Records from a data source

*** Block opens ***

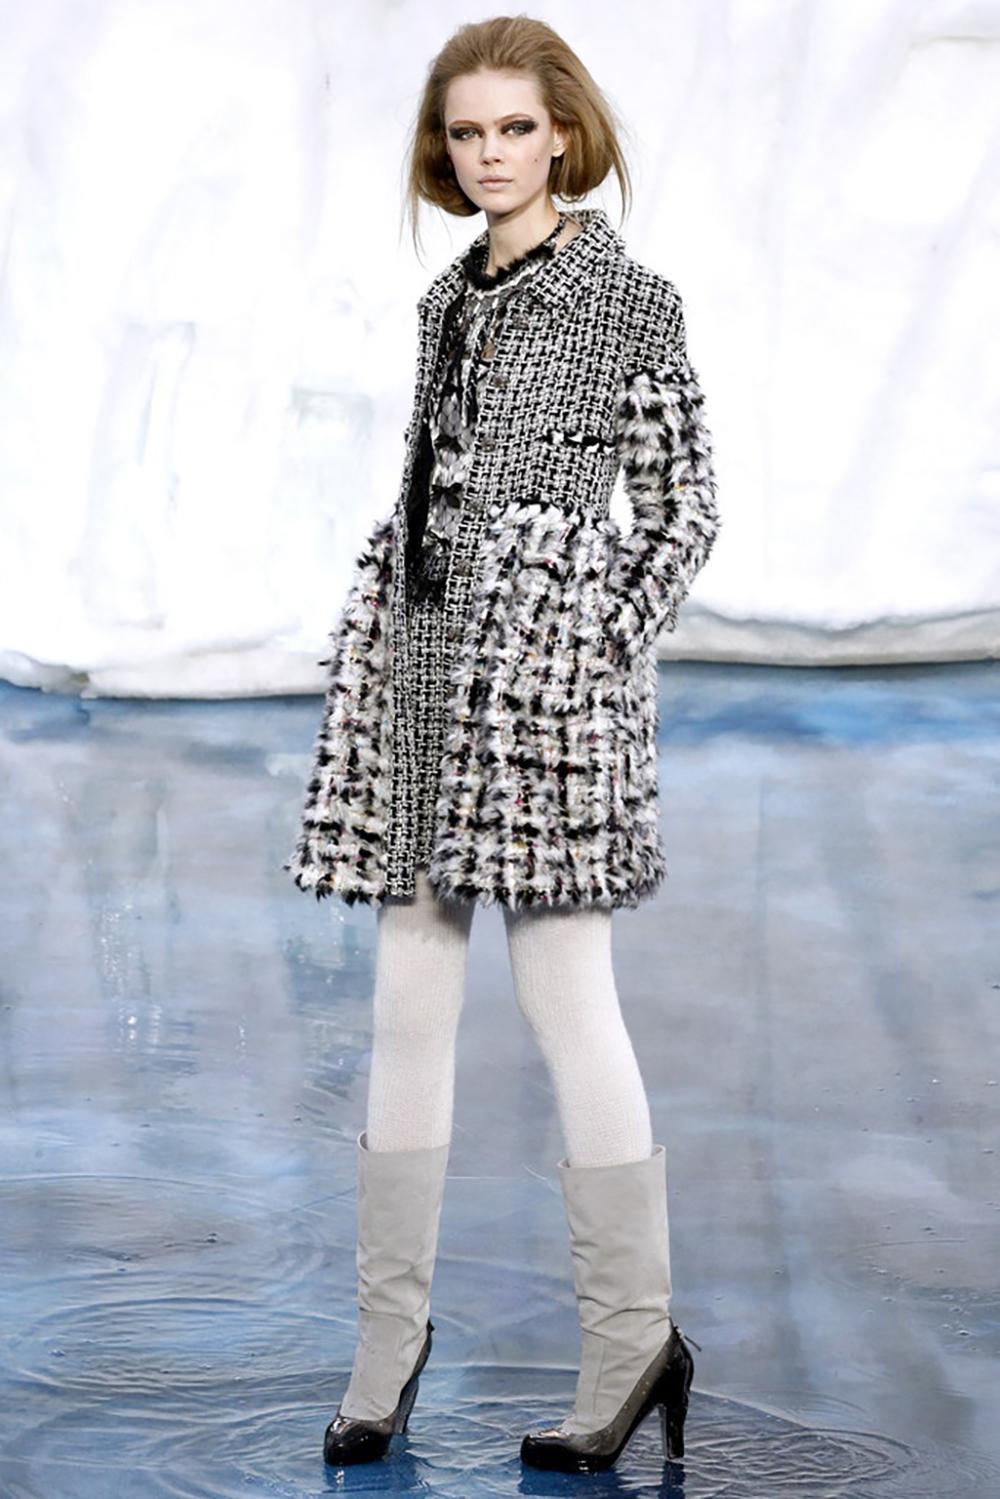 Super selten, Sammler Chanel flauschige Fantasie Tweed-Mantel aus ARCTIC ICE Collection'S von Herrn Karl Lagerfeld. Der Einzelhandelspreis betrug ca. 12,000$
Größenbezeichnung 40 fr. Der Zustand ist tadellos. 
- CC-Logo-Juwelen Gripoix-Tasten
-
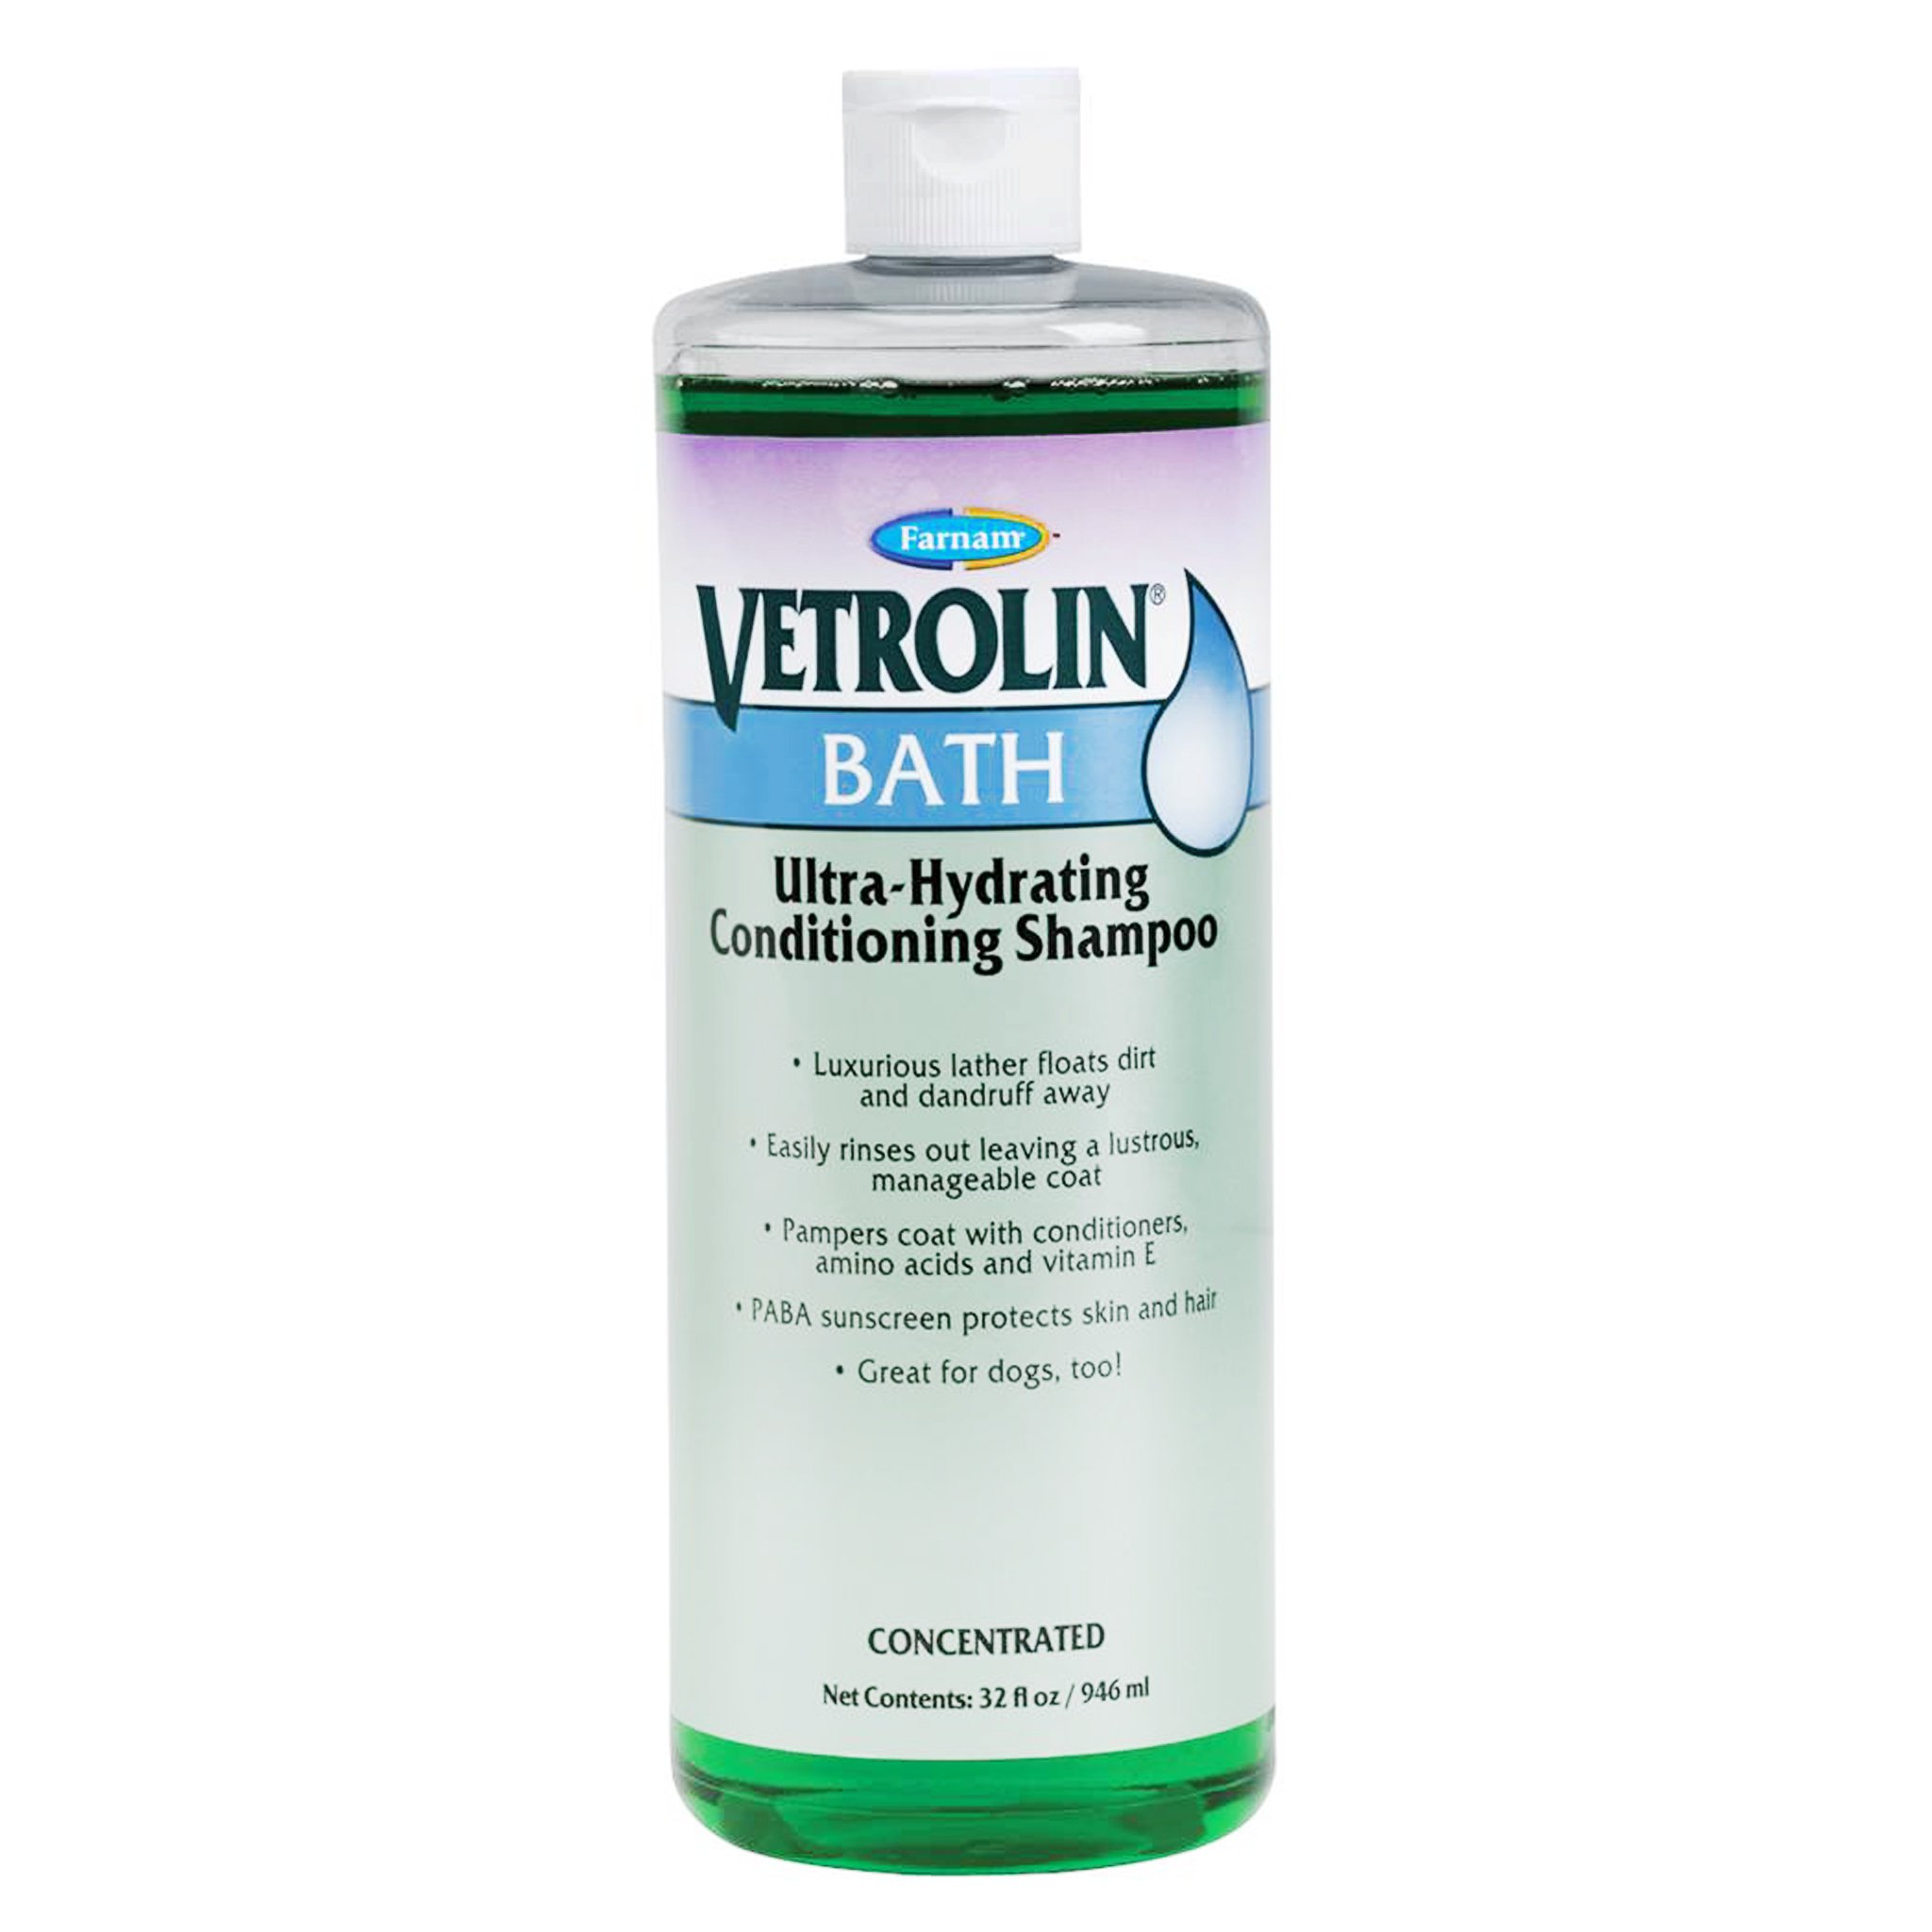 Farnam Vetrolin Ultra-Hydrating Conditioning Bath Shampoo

*** Block closes ***

_YOUR OBJECTIVE_: All of the entries above should be copied exactly, except for the pictures.

_OUTPUT BELOW_:
 Super selten, Sammler Chanel flauschige Fantasie Tweed-Mantel aus ARCTIC ICE Collection'S von Herrn Karl Lagerfeld. Der Einzelhandelspreis betrug ca. 12,000$
Größenbezeichnung 40 fr. Der Zustand ist tadellos. 
- CC-Logo-Juwelen Gripoix-Tasten
-
 Farnam Vetrolin Ultra-Hydrating Conditioning Bath Shampoo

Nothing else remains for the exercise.